Johns Hopkins University

JohannesU@jhu.edu

While overall energy access of Indian households has improved rapidly over the past decade, access to clean fuel is still low as compared to electricity. Besides, social structures and hierarchies continue to substantially influence rural development processes in the country. Using data from a household panel survey conducted in six Indian states during 2015-2018, this article analyses inequities in access to clean fuel and electricity among scheduled castes/tribes.

 

Household energy access in India has improved rapidly over the past decade. According to the International Energy Agency, electricity access rates increased from 72% in 2008 to over 95% in 2018. In contrast, LPG1 (liquefied petroleum gas) access is far poorer and rose from just 32% in 2008 to 49% in 2018. Has this progress in electricity access benefitted the most marginalised and vulnerable households?
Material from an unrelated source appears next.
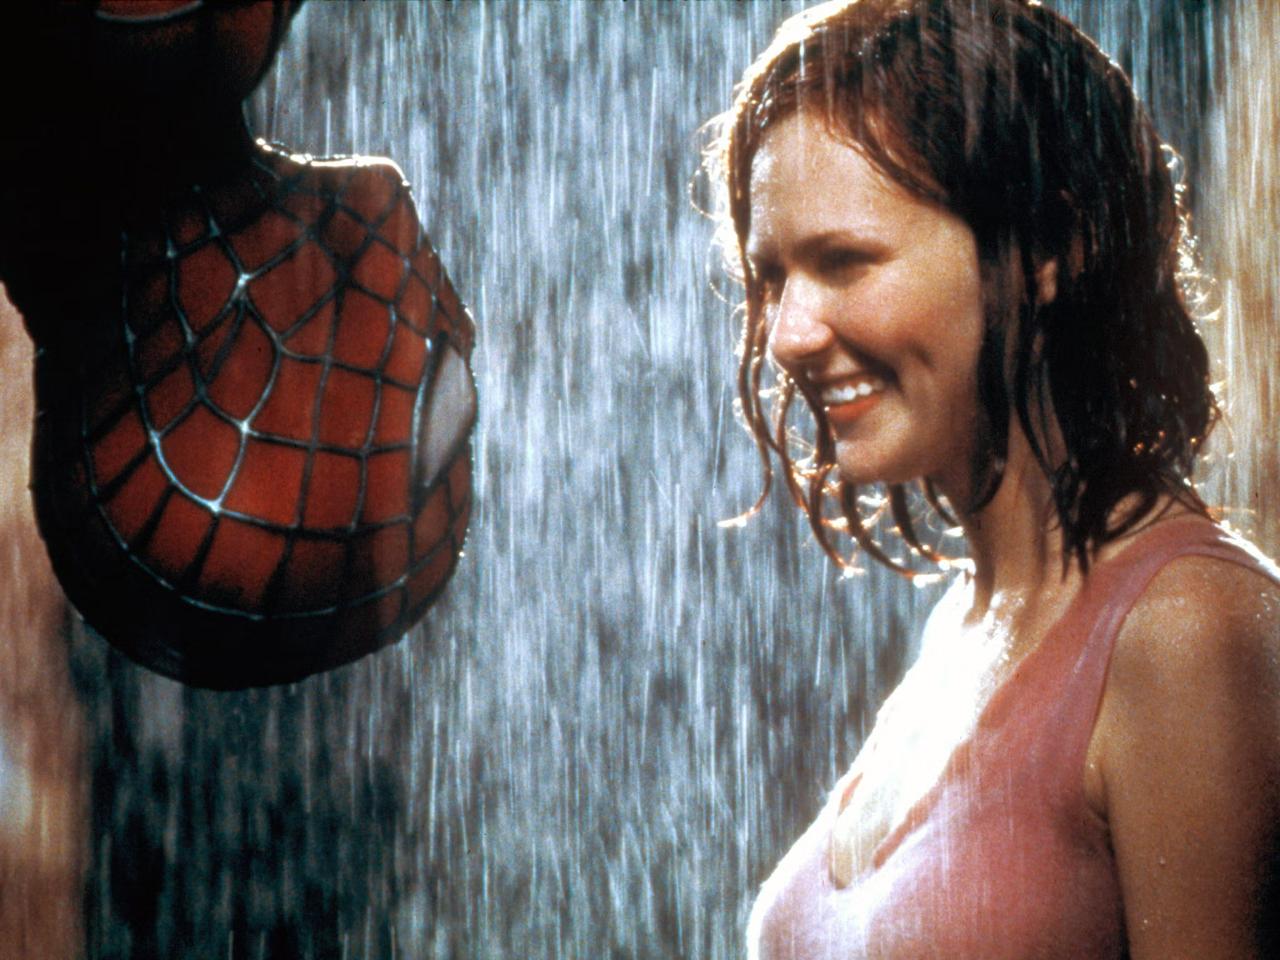 Spiderman (2002)
No matter how many movies are made about the DC hero, the original remains a fan favourite

In new research, we examine energy access for marginalised communities in rural North India in terms of LPG and electricity connections (Pelz, Chindarkar and Urpelainen 2020).

Inequities in energy access in India

In India, historically fluid social structures and hierarchies that solidified under British rule, continue to influence rural development processes – especially within marginalised caste-based and tribal communities formally defined as Scheduled Castes (SC) and Scheduled Tribes (ST). Because of unequal access to opportunities and a long history of discrimination, SC/ST households lag behind in rural development. Examples of these inequities range from poorer development outcomes for SC/ST farmers during the Green Revolution in the 1950s and 1960s to present-day disparities in access to education, jobs, and capital for entrepreneurship (Mosse 2018).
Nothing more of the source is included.